I slap myself mentally. Prim was Katniss's sister. I had totally forgotten. And of course, Katniss would volunteer to take Prim's place in the Games. She was just so protective of her family it was probably instinct for her to do that.  

I watch as she stands stoically, never betraying any sense of fear. She looks so fierce today, her eyebrows knit together as she surveys the crowd with an intense glare. I barely register the Capitol lady's tinkling voice as she began speaking again. What would Katniss's family do without her? She was the one that kept everything together, feeding them and keeping them clothed. Without her, everything would fall apart. Not to mention that she is the girl I love. 

Through all my years, so many memories of her stick out. I remember in particular one day, when we were sitting in history class, and she was gazing out the window, smiling inwardly to herself. We were both 10 at the time, but she seemed wiser than all of our grade, with her strong personality and willingness to speak out. Suddenly, she frowned, and without a word to even our teacher, she jumped out of her seat and ran out the door. Our whole class curiously watched through the window as she ran to her little sister, who had apparently hurt herself while playing with her friends. Katniss knelt by her, hugging the poor little girl until she stopped crying. She then kissed her sister on the cheek and marched back to class, seemingly unaware that she was in big trouble. It was acts like this that show her true love for her family, that she would give up her life for them in a heartbeat. 

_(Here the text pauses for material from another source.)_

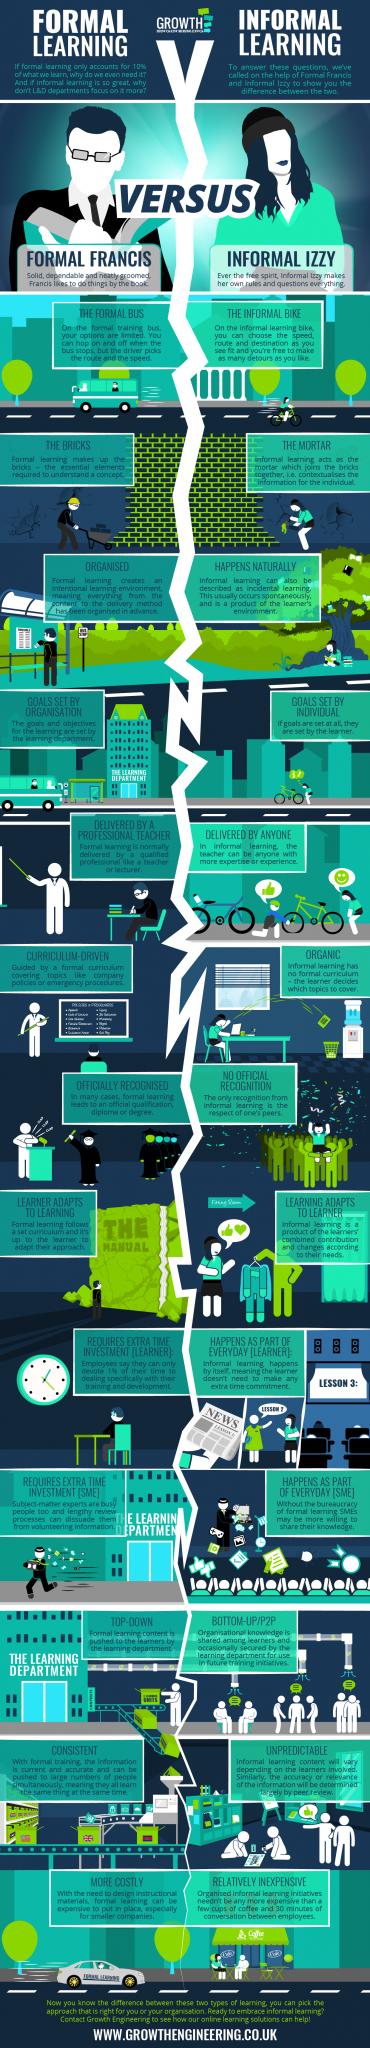 Informal Learning Vs Formal Learning Infographic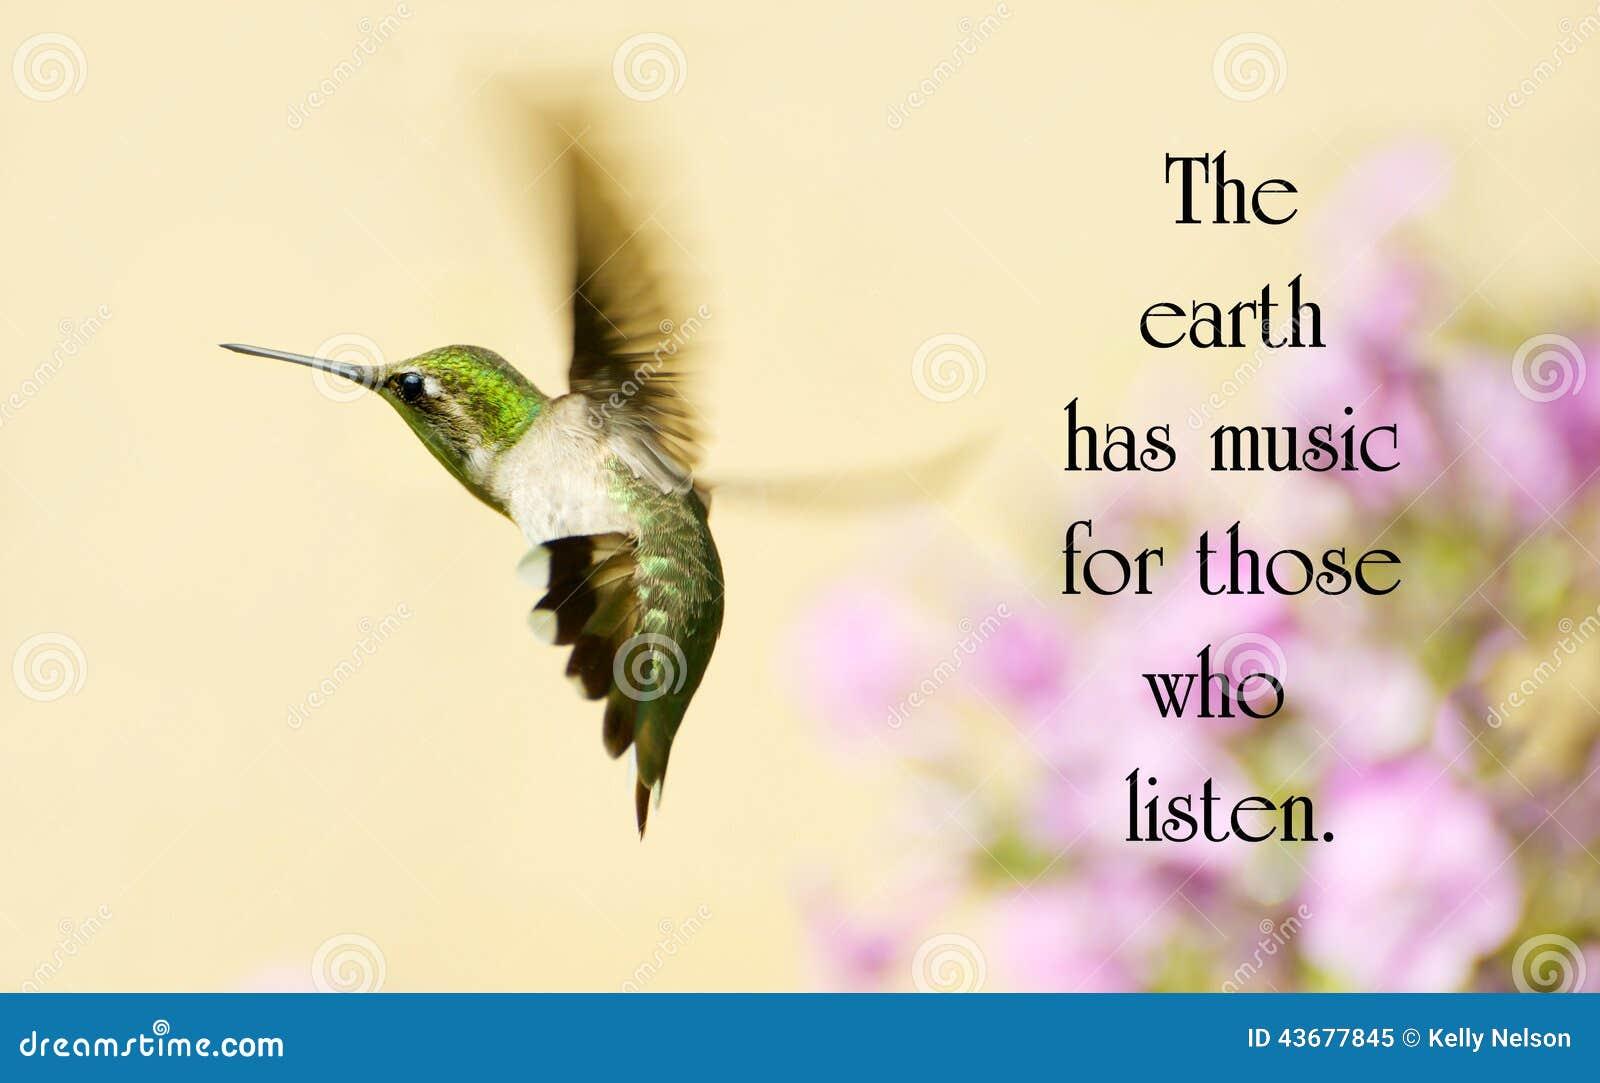 inspirational quote stock photo image 43677845

I am pulled from my reverie when someone calls my name. Looking around, I realize that all eyes are averted from me. Then I hear my name again, in a perky voice that makes me freeze in fear. 

"Peeta Mellark!" 

I have just been drawn as a tribute in the Hunger Games.

My feet seem to move independently of my brain, which is frozen in fear. I stumble up to where Katniss stands. I still can't seem to comprehend what is happening. As I gaze over the crowd, everyone seems to blend into one person, mocking me for my bad luck.  

The Capitol lady begins to speak again, and I feel more annoyed than usual when I hear her happy voice. "Shut up." I whisper, but of course, no one hears me. 

I feel eyes boring into the back of my head, and I look up to see Katniss staring at me. She gives me a sad smile that barely reaches her gray eyes and then turns away. She sighs, and I wonder what she is thinking about. 

With shock, I realize the truth of this situation. There could only be one champion, which meant that I would have to kill her, or she would have to kill me. My decision was instantaneous; I would let her kill me. I vow to myself that I would protect her and keep her safe. I promise myself that I she would come out of the Games alive. 

As the reaping draws to an end, the crowd begins to mill around restlessly. The lady from the Capitol, who introduces herself as Effie, signals for me to shake's Katniss's hand. We swiftly exchange a quick handshake and she looks away awkwardly. I wonder if she felt the spark that I felt when our hands touched. I doubt it, though. Rumor has it that she's dating her friend Gale. 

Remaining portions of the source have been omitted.